§ **Supplied material**
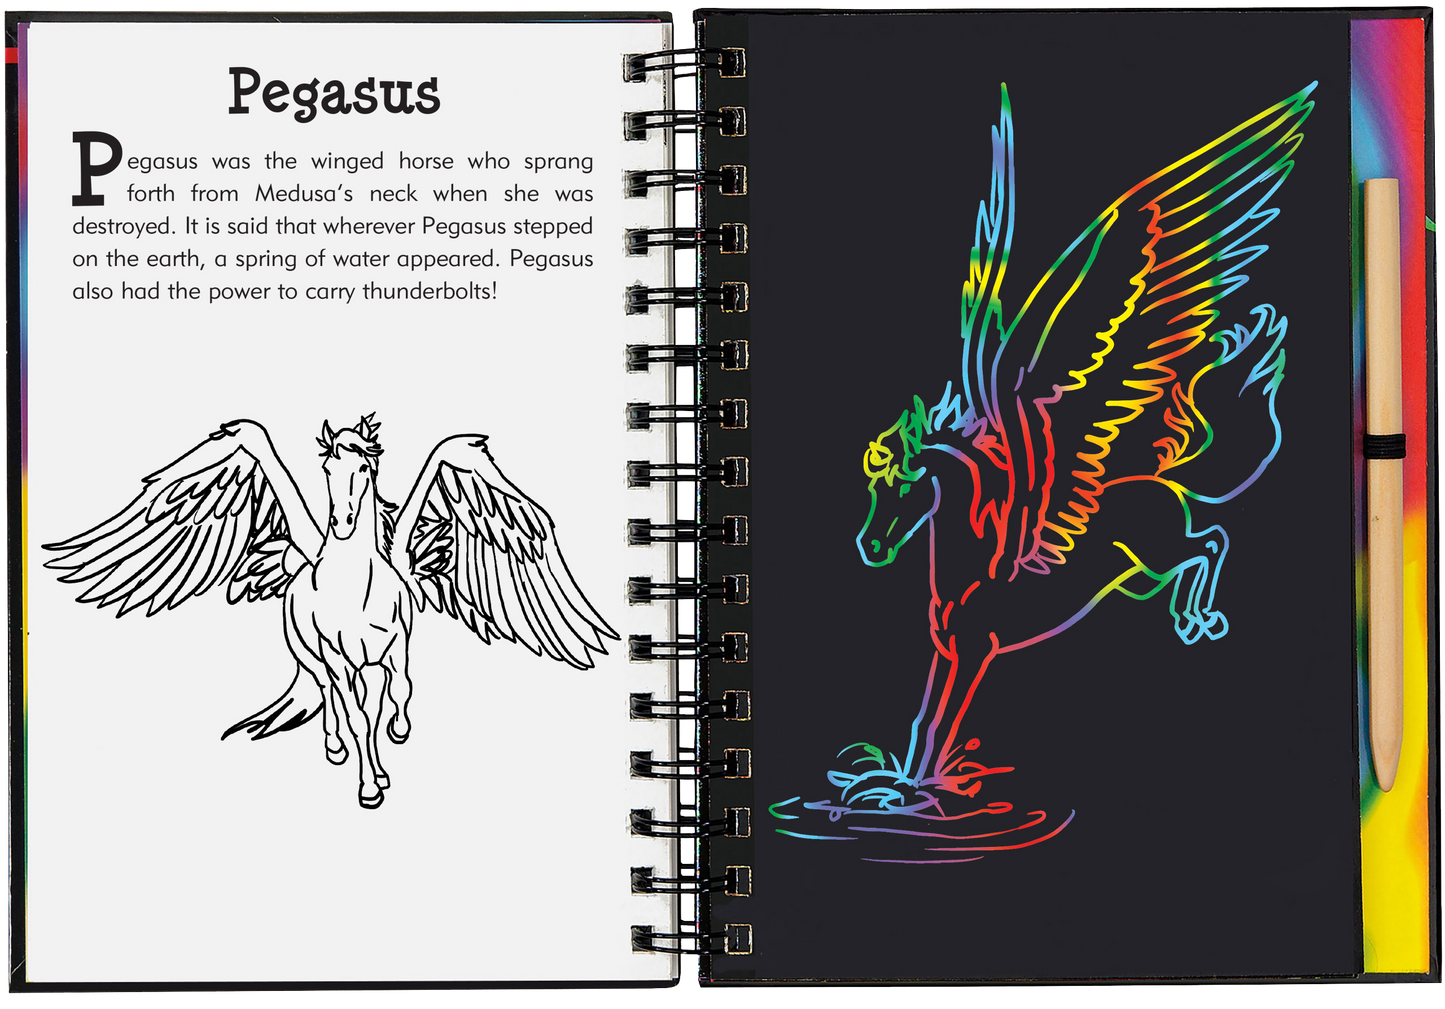 Scratch & Sketch Dragons & Mythical Creatures
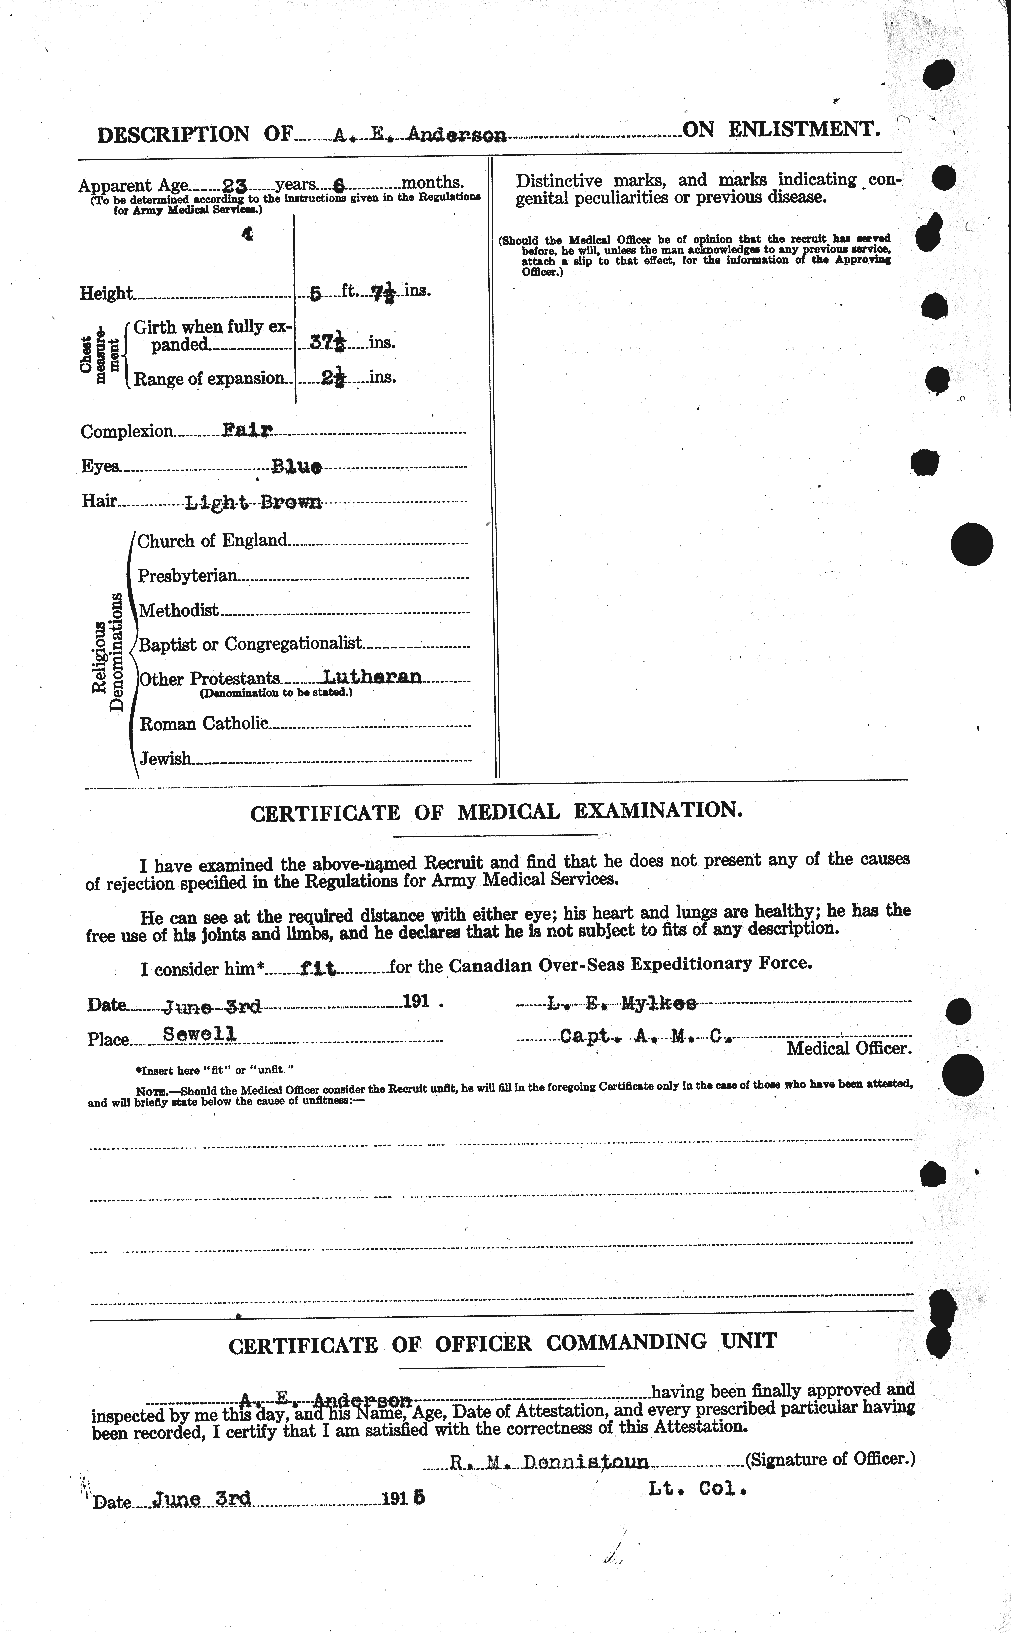 Personnel Records of the First World War - CEF 209360b
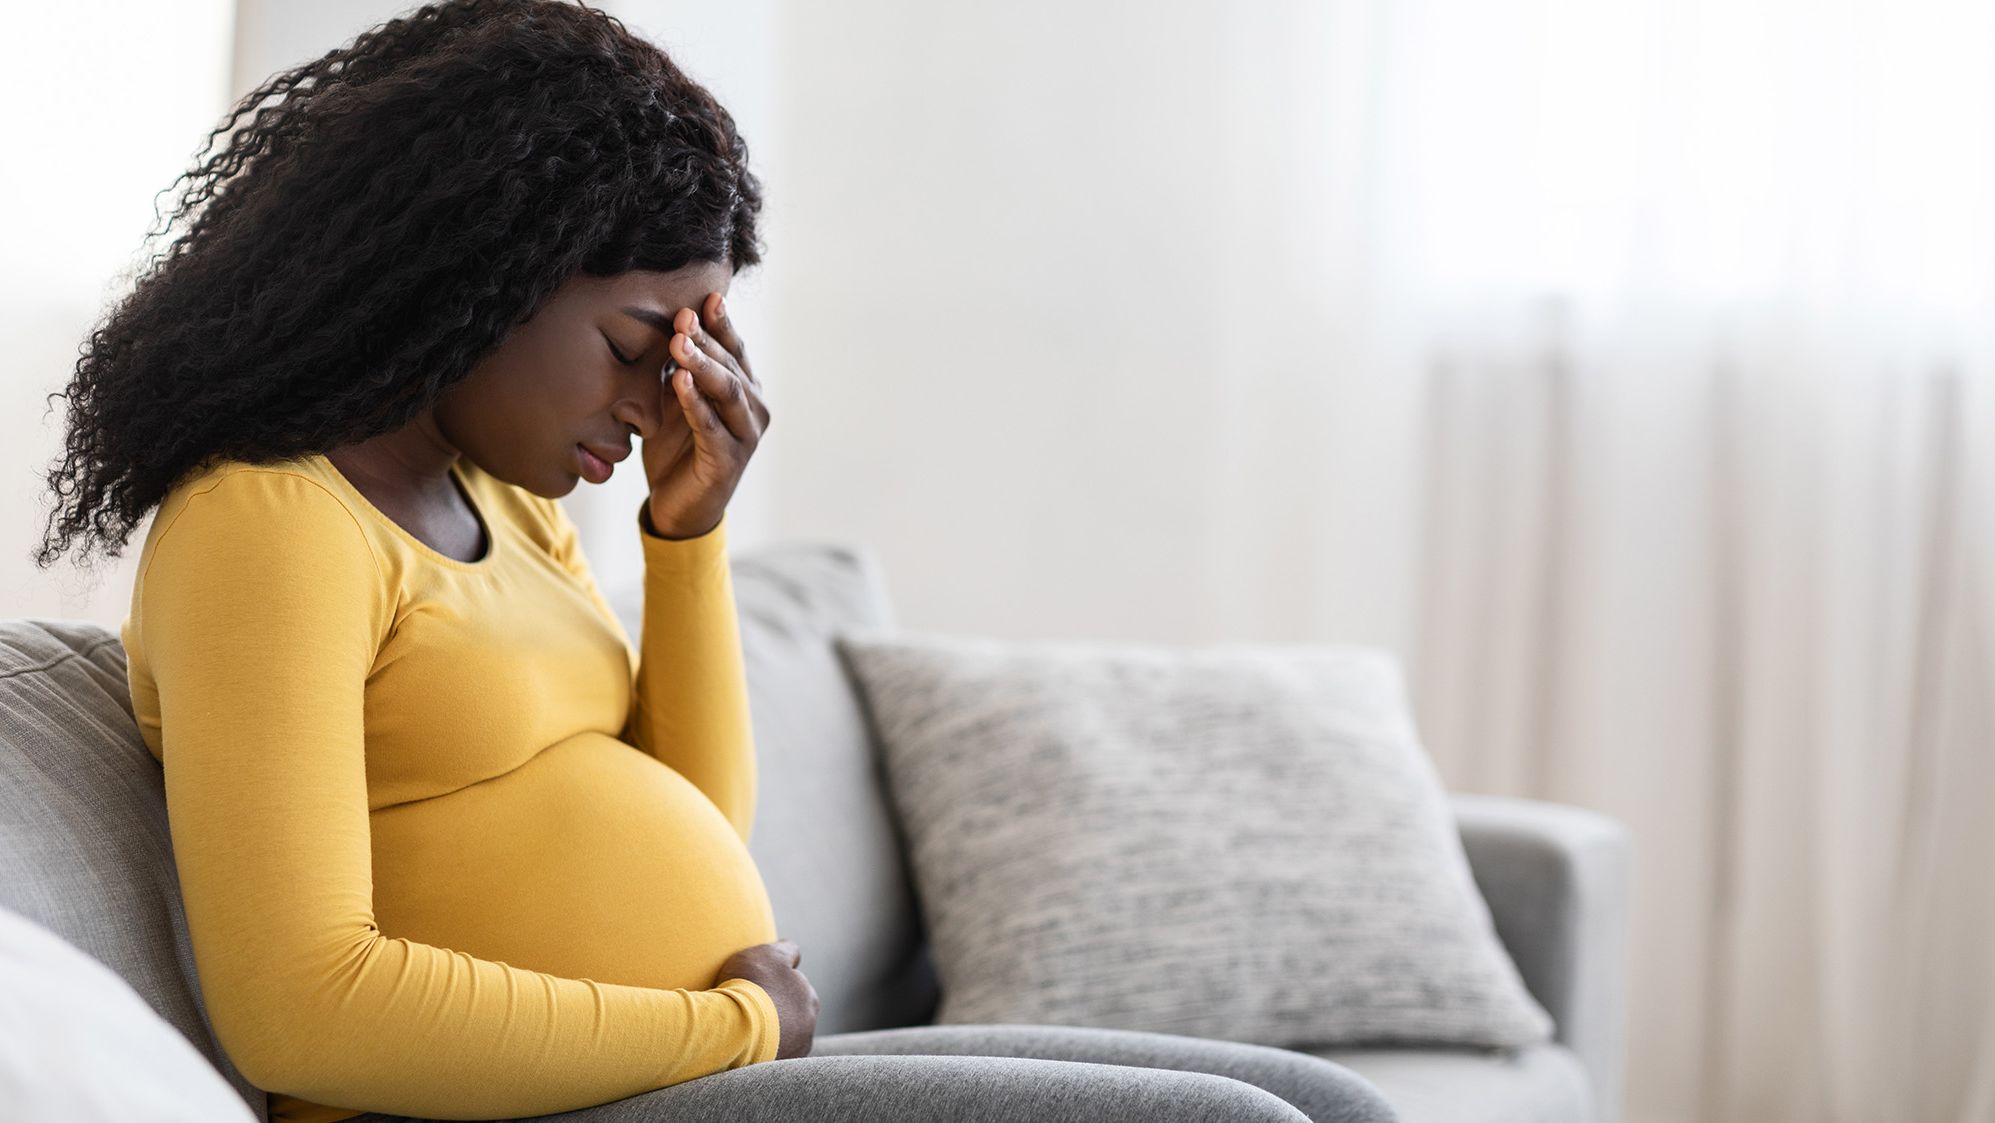 Babies with mothers who faced changing stress levels during pregnancy are predisposed to feeling frequent negative emotions like fear and distress, a new study said.
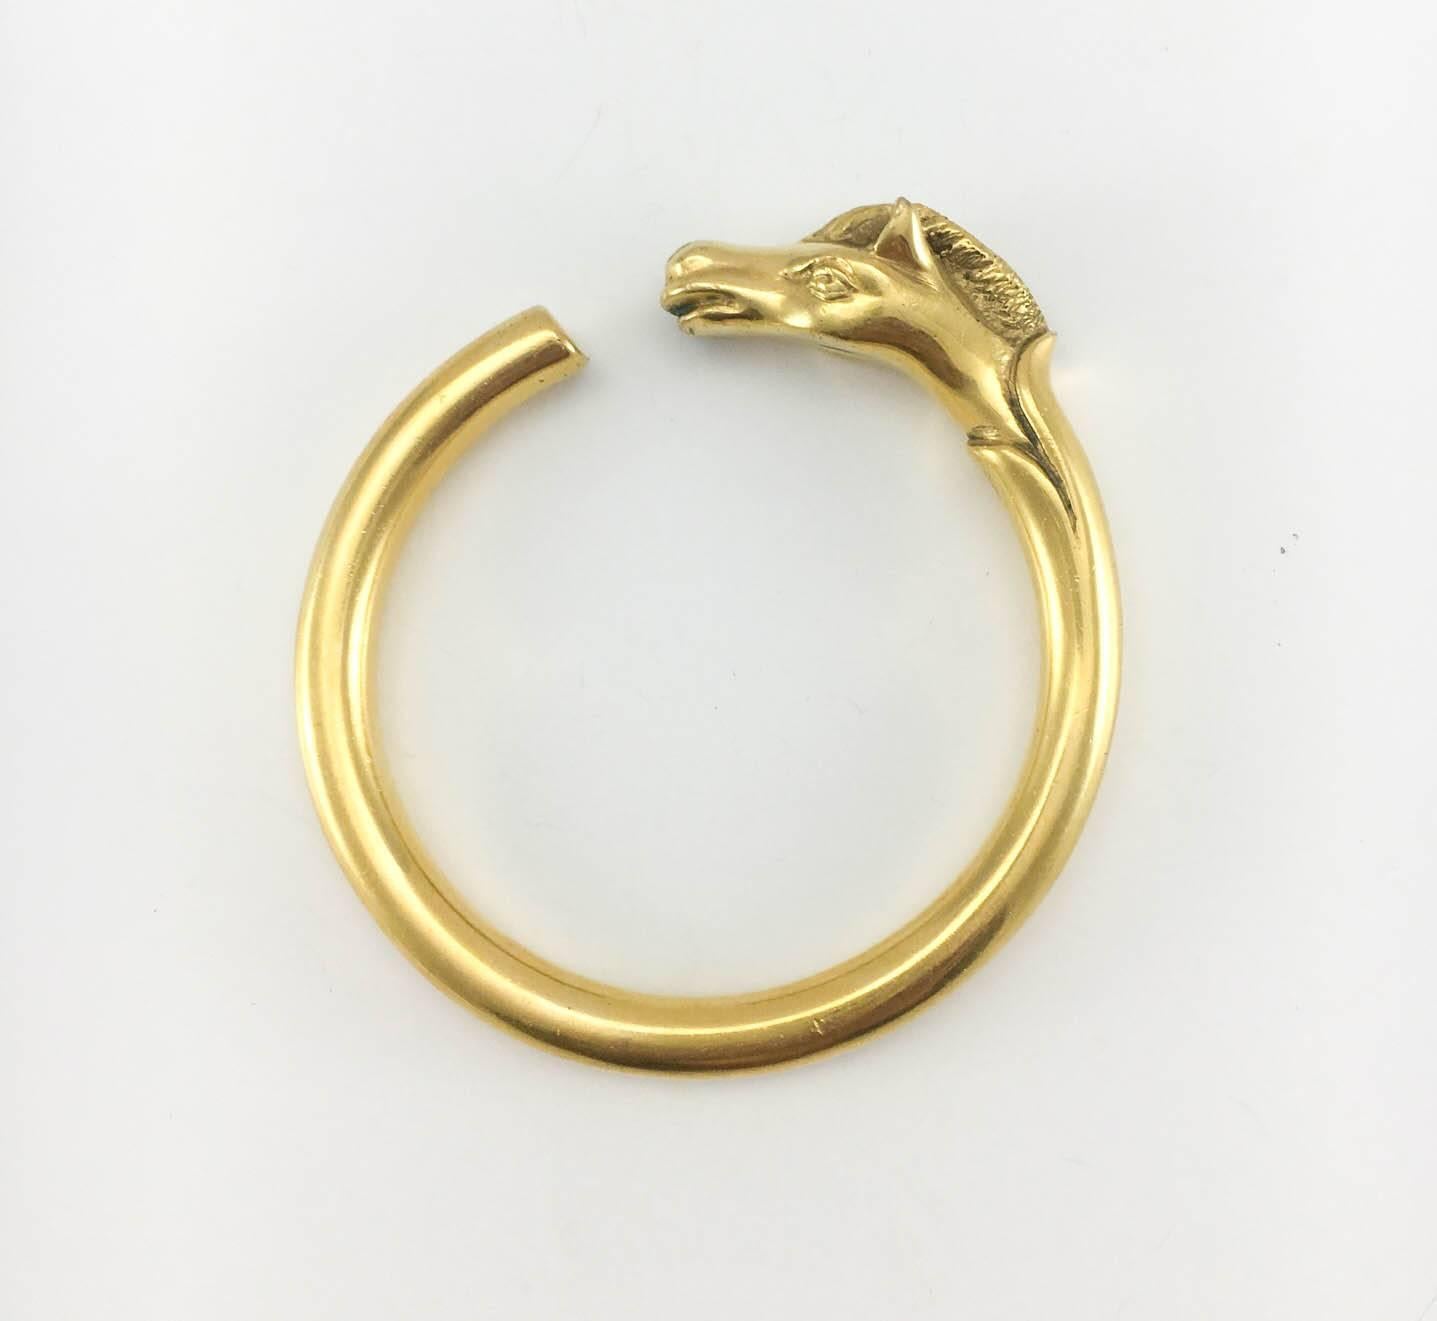 Hermes Gold-Plated Horse Head Bangle - 1980s In Excellent Condition In London, Chelsea

§ **Work order**
In full and without error, repeat the listing above, omitting its images.

§ **Answer space**
 Scratch & Sketch Dragons & Mythical Creatures
 Personnel Records of the First World War - CEF 209360b
 Babies with mothers who faced changing stress levels during pregnancy are predisposed to feeling frequent negative emotions like fear and distress, a new study said.
 Hermes Gold-Plated Horse Head Bangle - 1980s In Excellent Condition In London, Chelsea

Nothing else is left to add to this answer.